▶ **WORK REQUEST**: In the material below, find the line with "Architectural photo showing" and the line with "September 15, 2019, Beverly", then output those two lines and every line between them, exactly.

▶ **DATA FOR THIS TASK**:
"""

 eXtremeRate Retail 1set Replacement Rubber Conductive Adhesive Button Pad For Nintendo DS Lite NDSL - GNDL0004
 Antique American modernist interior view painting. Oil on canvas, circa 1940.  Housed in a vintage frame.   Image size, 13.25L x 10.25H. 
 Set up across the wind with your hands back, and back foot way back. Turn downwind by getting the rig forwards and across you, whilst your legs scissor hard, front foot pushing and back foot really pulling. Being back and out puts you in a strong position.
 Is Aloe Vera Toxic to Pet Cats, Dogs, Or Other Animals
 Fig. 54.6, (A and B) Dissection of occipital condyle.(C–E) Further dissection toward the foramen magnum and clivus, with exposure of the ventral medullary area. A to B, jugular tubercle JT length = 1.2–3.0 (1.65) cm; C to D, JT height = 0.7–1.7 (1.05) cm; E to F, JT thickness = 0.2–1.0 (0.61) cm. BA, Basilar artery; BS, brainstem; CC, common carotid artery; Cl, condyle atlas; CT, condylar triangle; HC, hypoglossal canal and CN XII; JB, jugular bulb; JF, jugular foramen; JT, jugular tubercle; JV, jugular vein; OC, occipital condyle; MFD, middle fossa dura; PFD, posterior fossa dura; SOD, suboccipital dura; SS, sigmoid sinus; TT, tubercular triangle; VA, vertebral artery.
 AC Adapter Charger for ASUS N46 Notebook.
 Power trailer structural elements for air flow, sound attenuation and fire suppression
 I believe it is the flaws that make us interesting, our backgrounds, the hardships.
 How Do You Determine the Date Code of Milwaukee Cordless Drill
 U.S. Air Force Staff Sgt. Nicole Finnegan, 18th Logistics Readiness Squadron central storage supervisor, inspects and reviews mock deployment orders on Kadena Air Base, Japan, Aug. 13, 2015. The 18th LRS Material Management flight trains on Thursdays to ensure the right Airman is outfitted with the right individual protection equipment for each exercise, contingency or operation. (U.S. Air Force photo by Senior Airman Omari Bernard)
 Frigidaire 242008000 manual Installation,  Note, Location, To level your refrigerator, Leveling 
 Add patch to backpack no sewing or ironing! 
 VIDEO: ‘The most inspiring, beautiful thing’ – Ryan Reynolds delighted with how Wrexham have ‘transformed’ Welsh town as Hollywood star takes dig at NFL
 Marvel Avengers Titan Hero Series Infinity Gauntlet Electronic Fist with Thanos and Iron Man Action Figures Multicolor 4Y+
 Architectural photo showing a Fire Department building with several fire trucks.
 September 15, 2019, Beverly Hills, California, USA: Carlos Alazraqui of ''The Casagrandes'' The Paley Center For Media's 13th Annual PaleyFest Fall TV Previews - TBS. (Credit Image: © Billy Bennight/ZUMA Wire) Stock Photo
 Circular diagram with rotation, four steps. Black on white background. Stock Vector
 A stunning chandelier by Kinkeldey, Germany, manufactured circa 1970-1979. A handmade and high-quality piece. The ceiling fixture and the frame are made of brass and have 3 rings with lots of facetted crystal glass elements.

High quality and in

"""

▶ **SOLUTION TO THE EXERCISE**:
 Architectural photo showing a Fire Department building with several fire trucks.
 September 15, 2019, Beverly Hills, California, USA: Carlos Alazraqui of ''The Casagrandes'' The Paley Center For Media's 13th Annual PaleyFest Fall TV Previews - TBS. (Credit Image: © Billy Bennight/ZUMA Wire) Stock Photo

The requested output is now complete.